A dura realidade da falta de dinheiro está agora a cortar a eito nos recursos do Estado para projectos, com efeitos que atingem o que é investimento e aquilo que se devia chamar desperdício com custos futuros, como foram muitos dos projectos realizados.

Quando se olha para o País, o que se vê é uma mistura de aristocracia falida e novo rico. Numa estrada convivem, de um lado, relvados e ciclovias, e, do outro, erva e lixo; noutra há uma estrutura esquecida para um suposto jardim que ninguém manteve e, por todo o lado, rotundas de relva e flores ou supostas esculturas. Mas não se constroem jardins.

Há ainda os centros culturais espalhados pelo País, alguns rodeados de terra, que são apenas custo - ninguém lá vai. Ou os quartéis de bombeiros enormes que convivem com esquadras
de polícia a cair.

Temos também as já muito debatidas auto-estradas - já vão duas entre Lisboa e Porto, e já iríamos a caminho da terceira se o dinheiro não tivesse faltado.
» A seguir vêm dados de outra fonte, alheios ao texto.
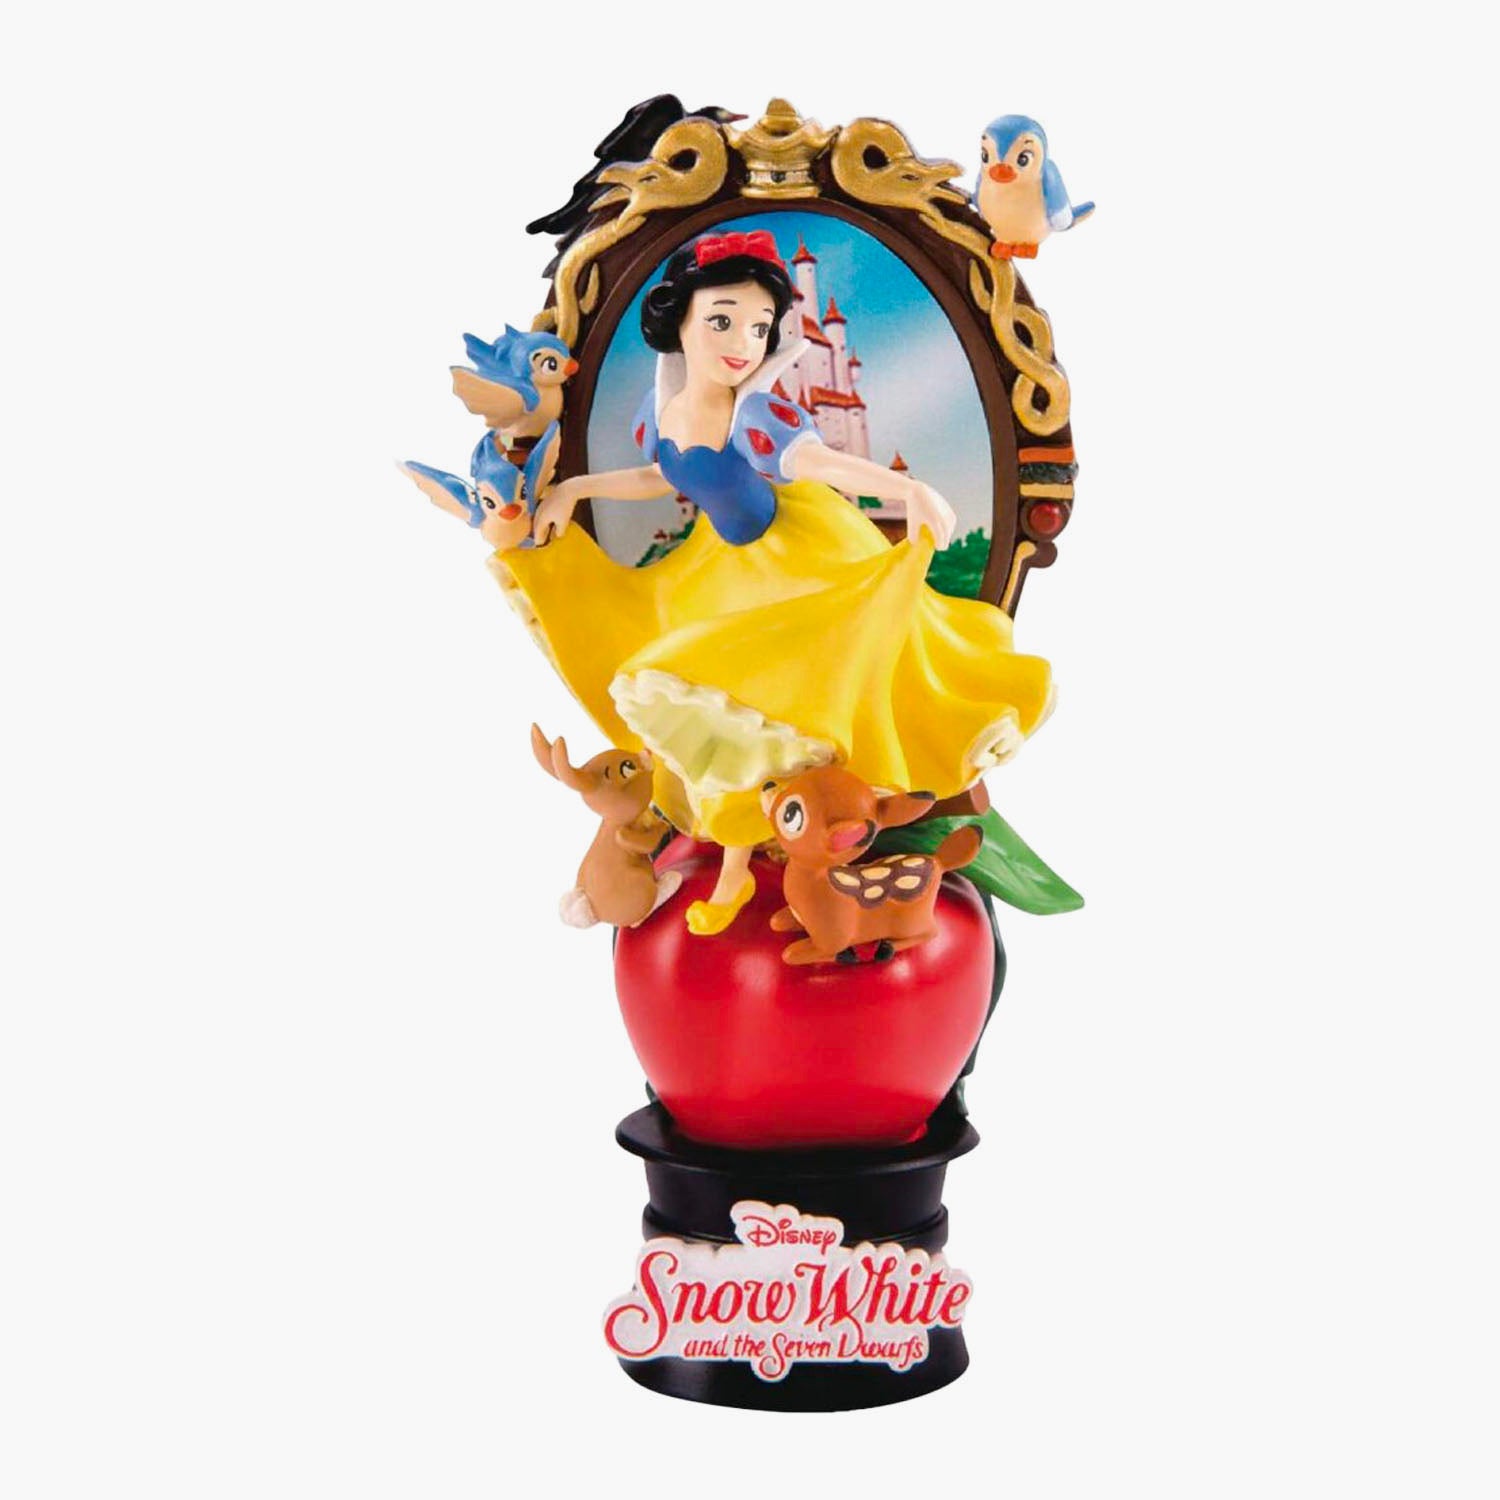 Snow White and the Seven Dwarfs Figurine

Ninguém faz uma estrada, tem de ser uma auto-estrada que acaba por ligar poucas povoações. Os acessos ficam adiados ou porque faltou o dinheiro na altura, ou porque se complicou tanto a obra de engenharia, com viadutos e mais viadutos, que sair ou entrar da auto-estrada exige um projecto caríssimo. Insanidade? Pois com certeza que parece um manicómio, especialmente quando conhecemos outros países onde o pragmatismo impera, onde o objectivo não é fazer a estrada mas servir as pessoas.

Por aqui vivemos a loucura de fazer porque se tem de fazer, tudo em grande, o maior do mundo, porque há dinheiro da Europa. Como naquela tirada dos livros do Asterix em que alguém dizia que era preciso fazer um aqueduto. "Mas não temos rio!", reagia quem era sensato. E a resposta pronta: "Isso não interessa, porque o aqueduto é que é romano." Por cá não fazemos aquedutos mas fazemos "investimento público", não interessa qual, o quê ou para quem, o importante é gastar. Não por Roma mas por causa de Bruxelas, para gastar o dinheiro dos fundos.
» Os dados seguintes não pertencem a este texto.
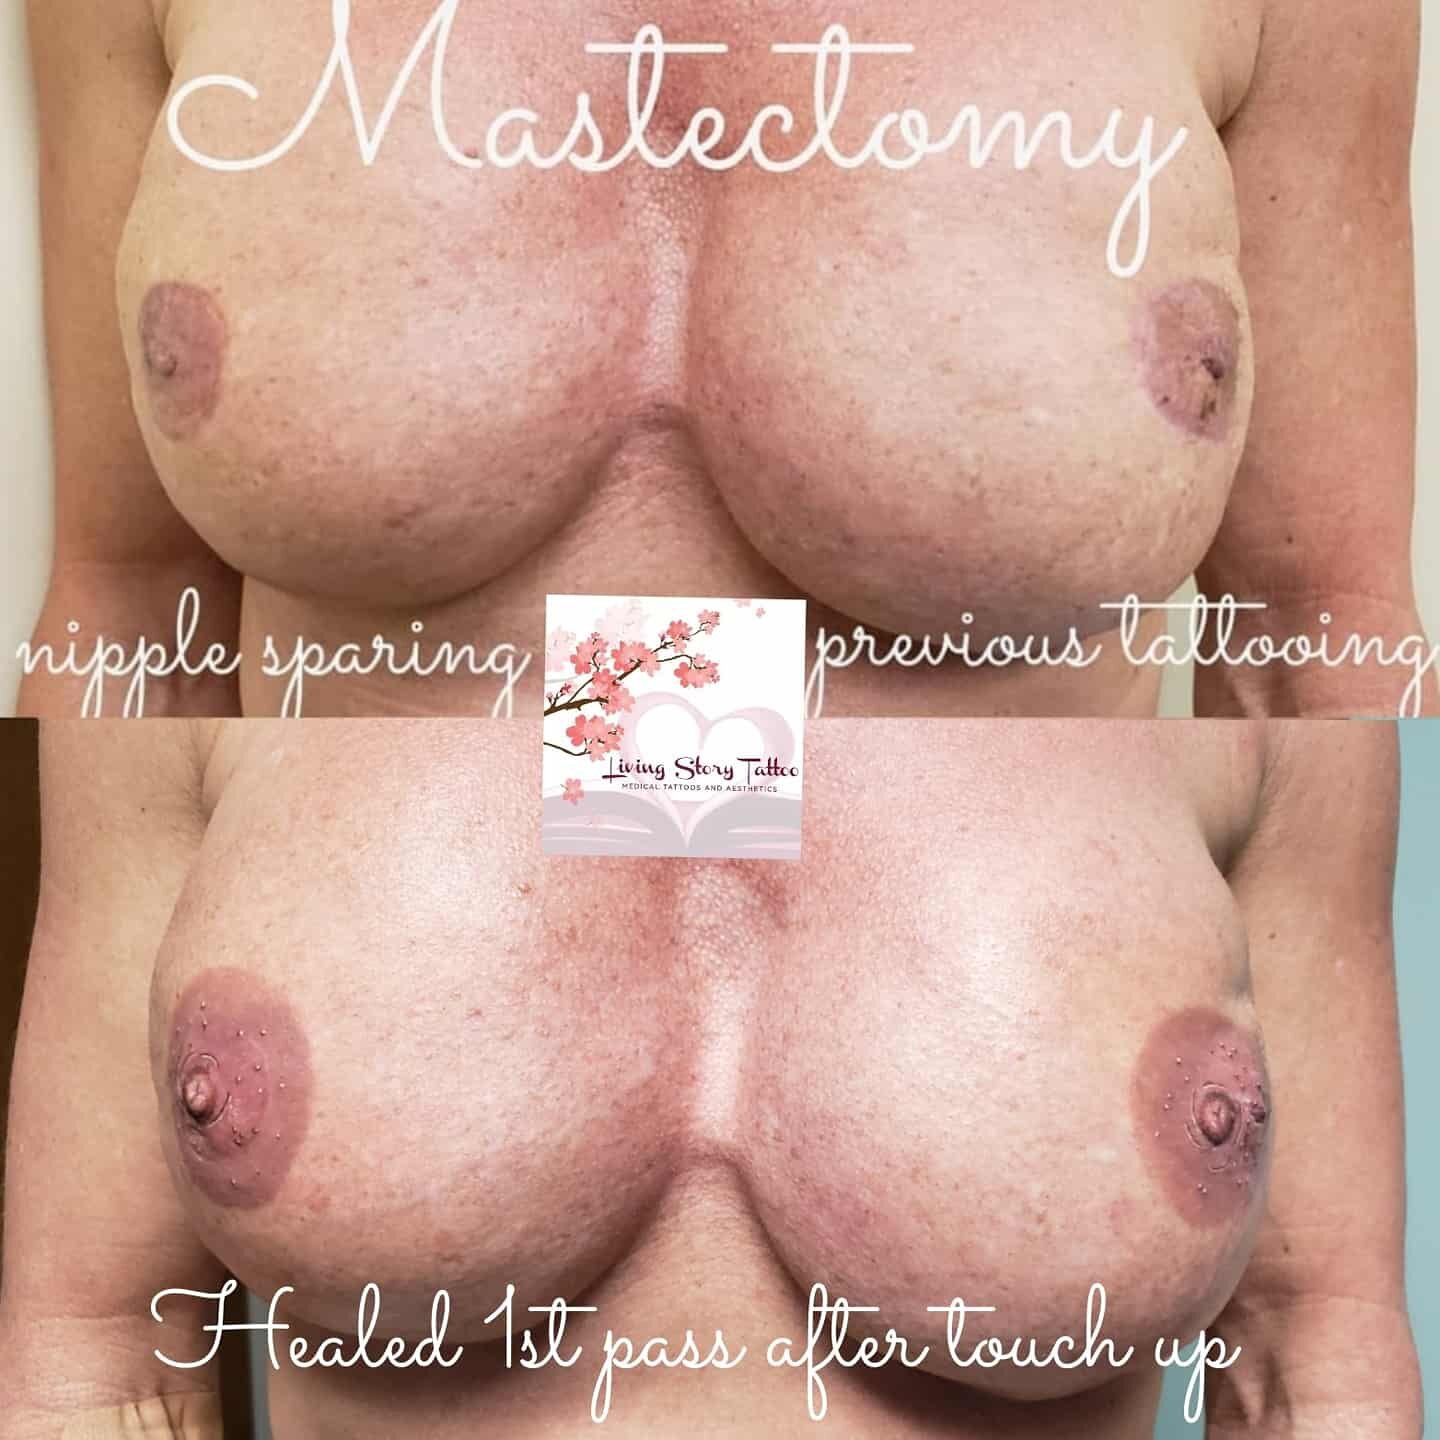 Bilateral corrective nipple sparing

Os apelos desesperados por "investimento público" que vemos feitos por alguns partidos ou municípios mostram isso mesmo - não interessa o quê, desde que se gaste.
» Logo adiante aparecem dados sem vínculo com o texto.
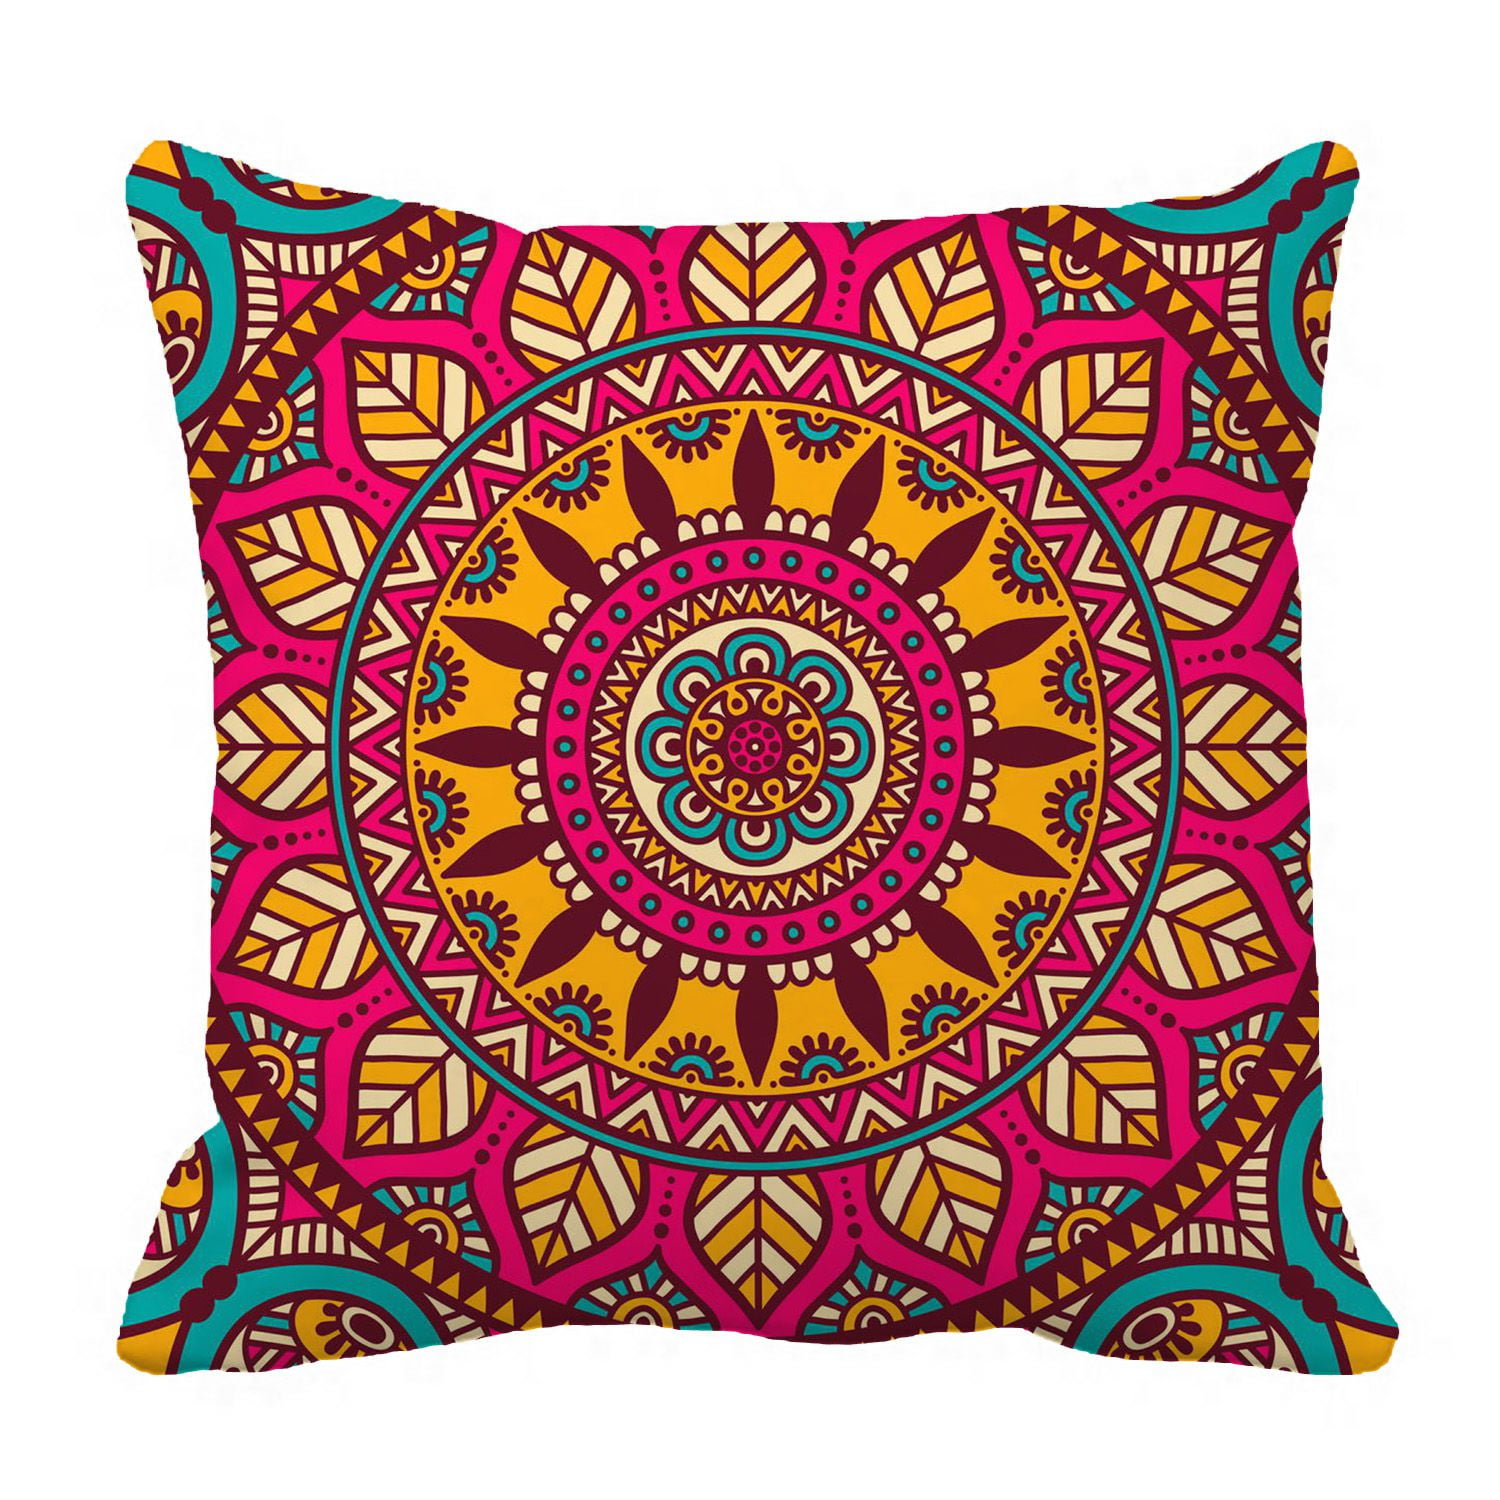 Large Indian Mandala Euro Sham Pillows Gypsy Cotton Cushions Ethnic Pillow Cases

Claro que depois de termos vivido praticamente desde 1986 a gastar porque era preciso usar os dinheiros de Bruxelas, hoje, sem acesso ao crédito para usar esses fundos, os dirigentes políticos, do Governo às autarquias, não sabem o que fazer, estão perdidos. Como será melhorar a vida dos cidadãos sem fazer um rotunda, uma auto-estrada, uma ponte, um viaduto, um quartel de bombeiros, um centro cultural?

A crise que nos espera vai ser violenta, e ainda nem começou. Do Estado às famílias, todos vamos ter de enfrentar a realidade de sermos mais pobres do que pensávamos. E sairemos dela menos saloios, menos deslumbrados com palácios inúteis a que chamaram investimento público.